CT pulmonary angiography (CTPA) is used to look for evidence of pulmonary embolism. This generally uses software which triggers on a rise in the amount of IV contrast reaching the main pulmonary artery so that ideally, the pulmonary vessels are well-delineated. Pulmonary emboli are then seen as filling defects in the vessels. It is rapid, good at showing large emboli and is without a doubt the investigation of choice when the patient is haemodynamically compromised and diagnosis will change management. It is being used more frequently in place of V/Q (or Q) scanning. However just like V/Q scanning its sensitivity and specificity depends upon the technology and protocol used, an issue often unknown to non-specialist clinicians.[1] An important factor to remember particularly in young women is that the breast dose (and therefore the risk of inducing cancer) is much higher with CT than with V/Q scanning and ideally the latter should be the investigation of choice in young females. In addition, the iodinated contrast poses some risk to the developing fetus. A baby exposed in utero to contrast will require post-natal thyroid function tests so for this reason also, pregnant women are probably better investigated by V/Q scanning as a first line.

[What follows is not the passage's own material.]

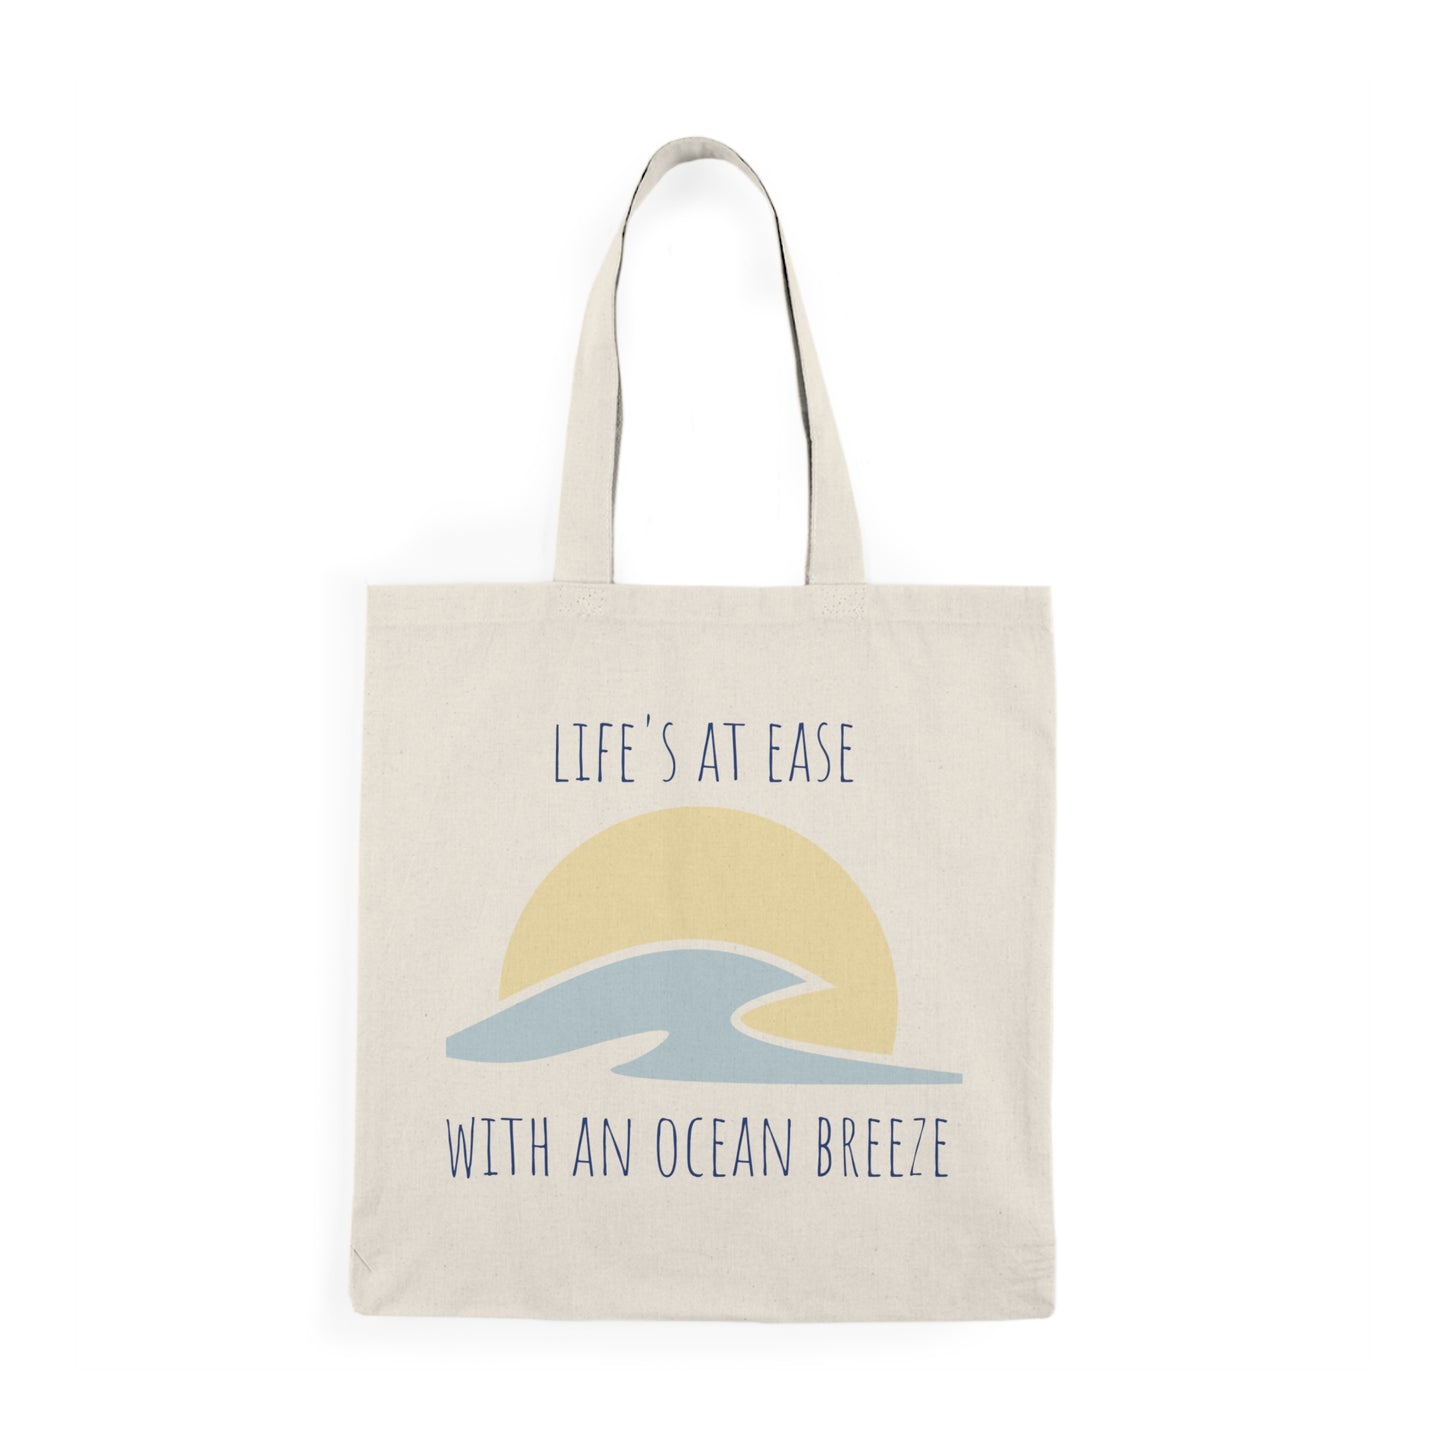 life's at ease with an ocean breeze - florida keys tote bag - beach tote - florida beach bag
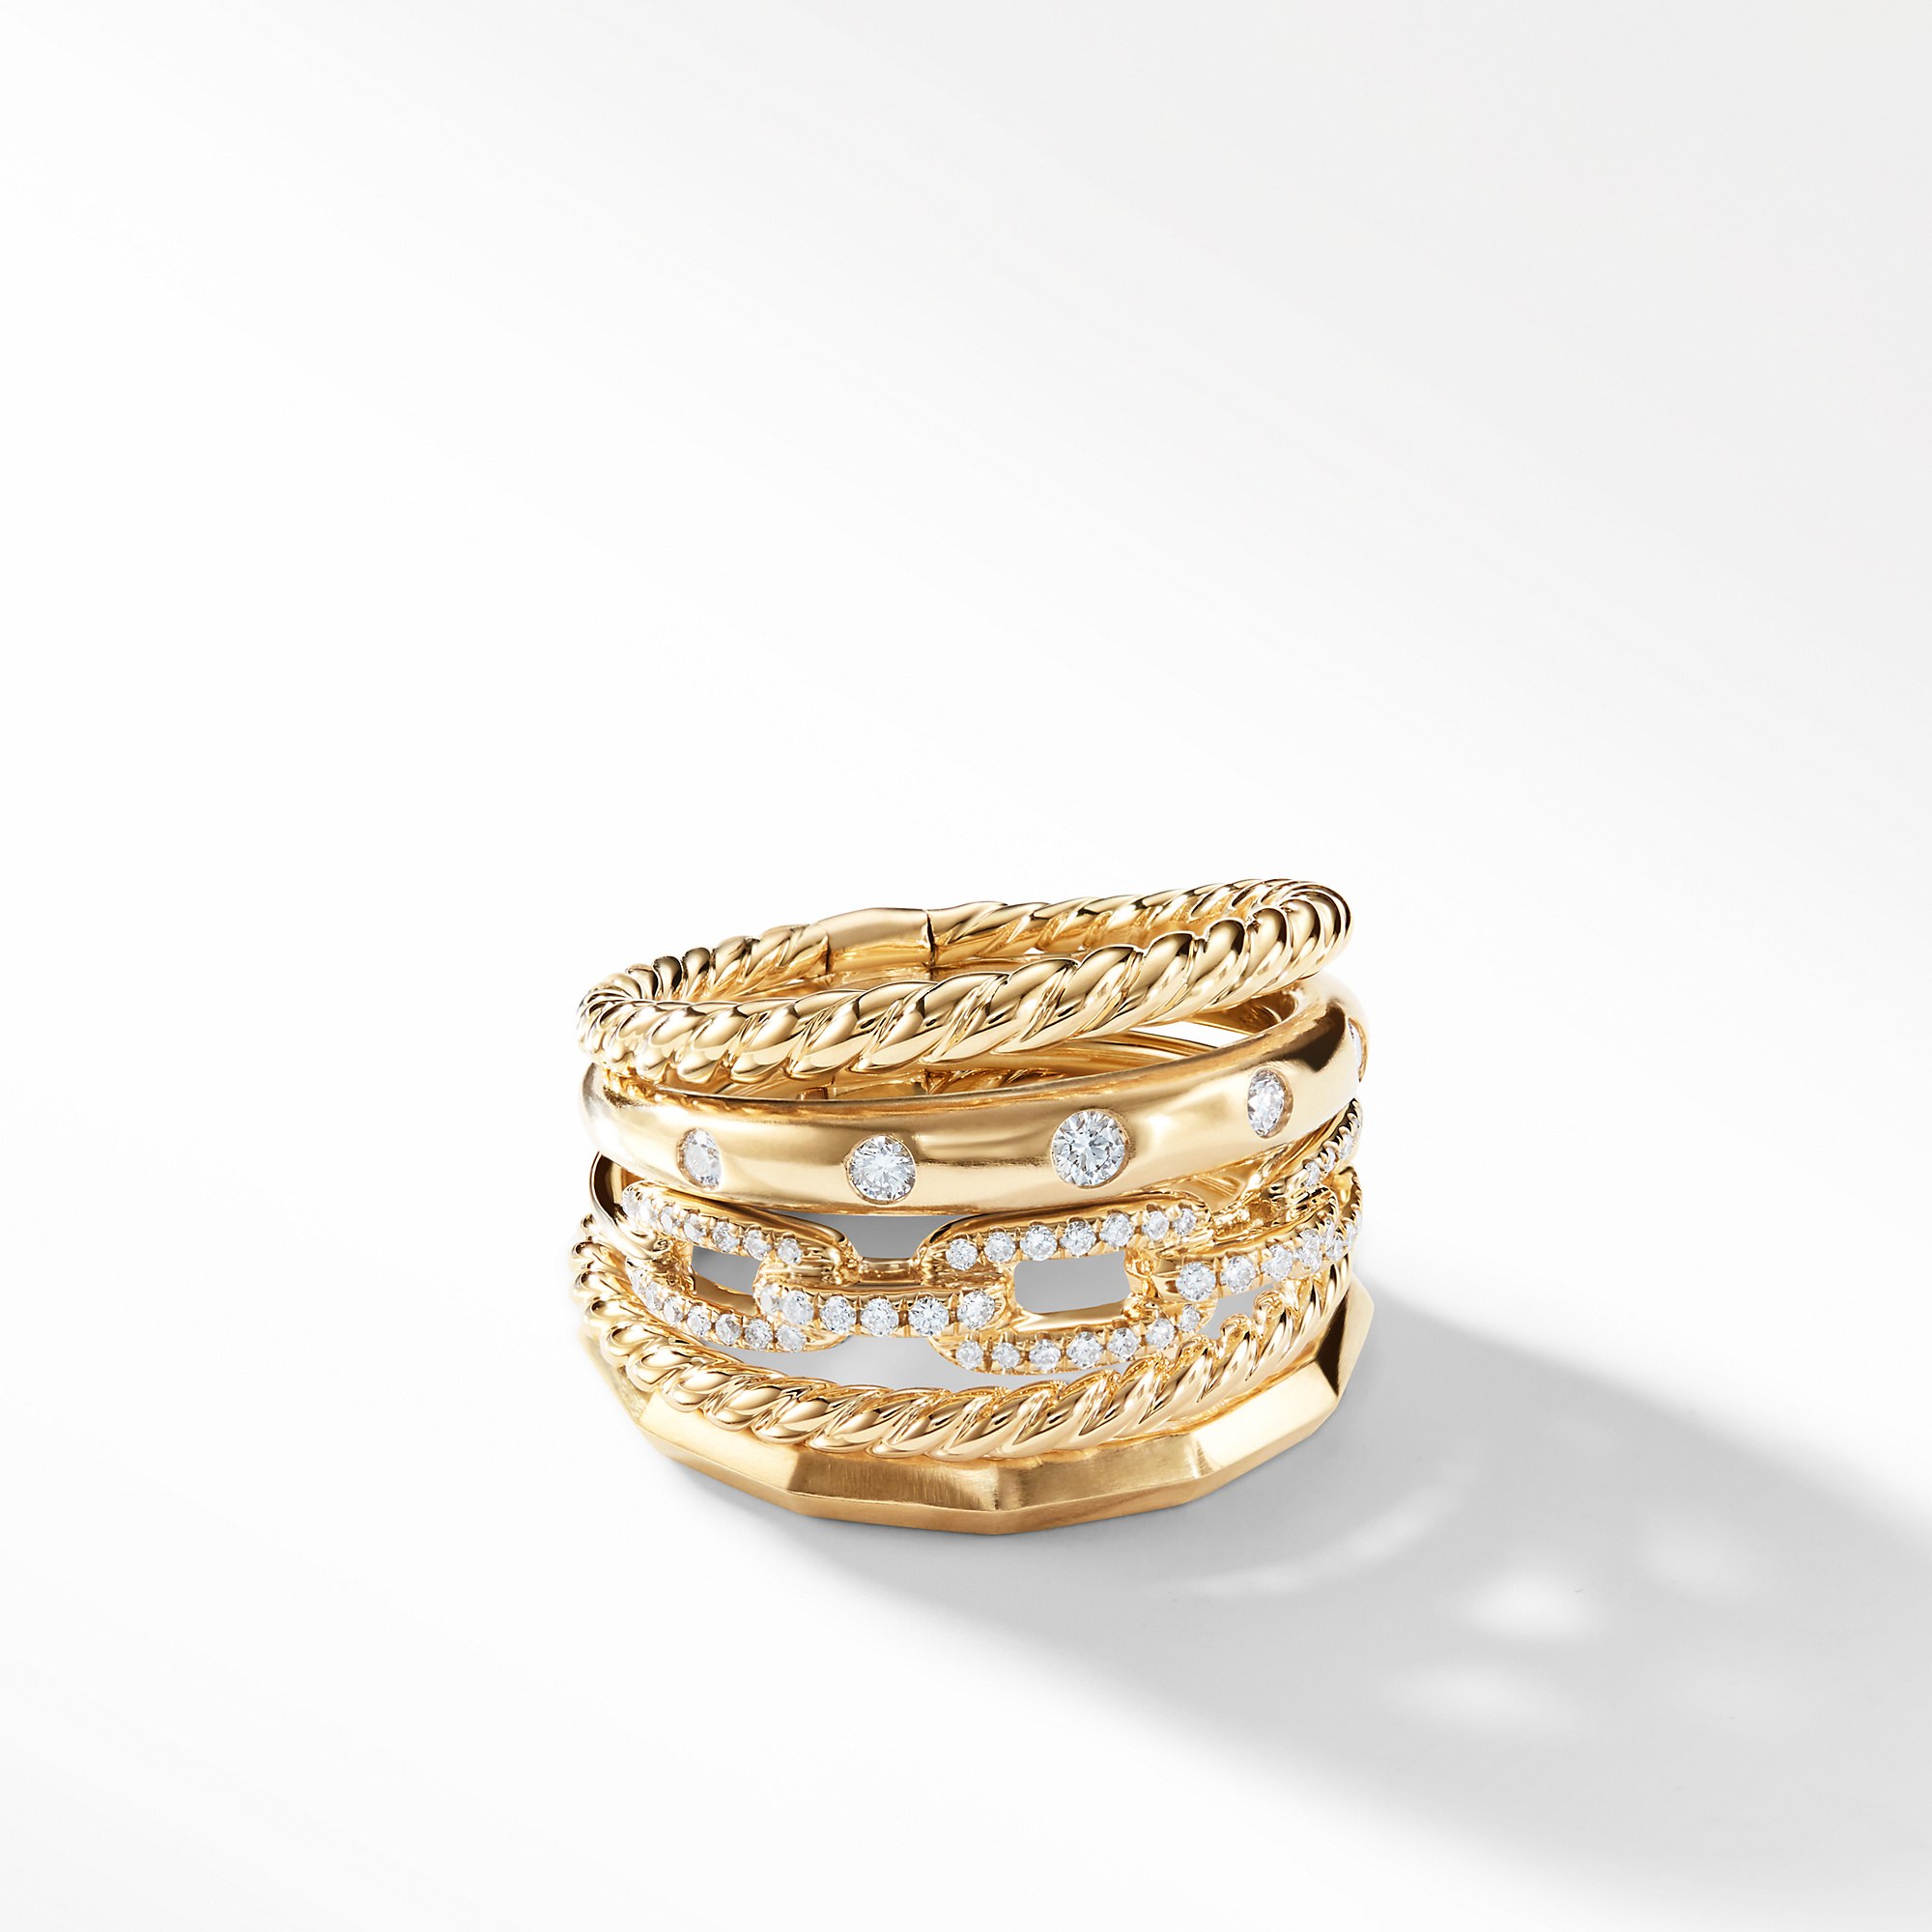 David Yurman Stax Wide Ring with Diamonds in 18K Gold, 15mm 0

Because of the difficulty in diagnosing pulmonary embolism, this investigation has the potential for overuse. Best practice is to use a validated clinical scoring system such as the Wells Score for clinical risk of pulmonary embolism to guide the decision as to whether to request a CTPA. However, many unsuspected pulmonary malignancies or infections are detected on such scans and indeed the CTPA makes a definitive diagnosis possible in almost 15% of requests[2]. This issue is very problematical for practising clinicians where clinical assessment including CXR (which is at least half as sensitive for sub-lobar consolidation and much less sensitive for early malignancy) does not result in a definitive diagnosis and pulmonary embolism remains in the differential diagnosis of the patients symptoms.

High resolution computed tomography (HRCT)

Used to look for interstitial lung disease. The slices obtained are thinner giving more parenchymal detail, but are not contiguous (1mm slices every 10mm is a standard protocol), therefore making it possible that small neoplasms could be missed. The liver is also not imaged and IV contrast is not given.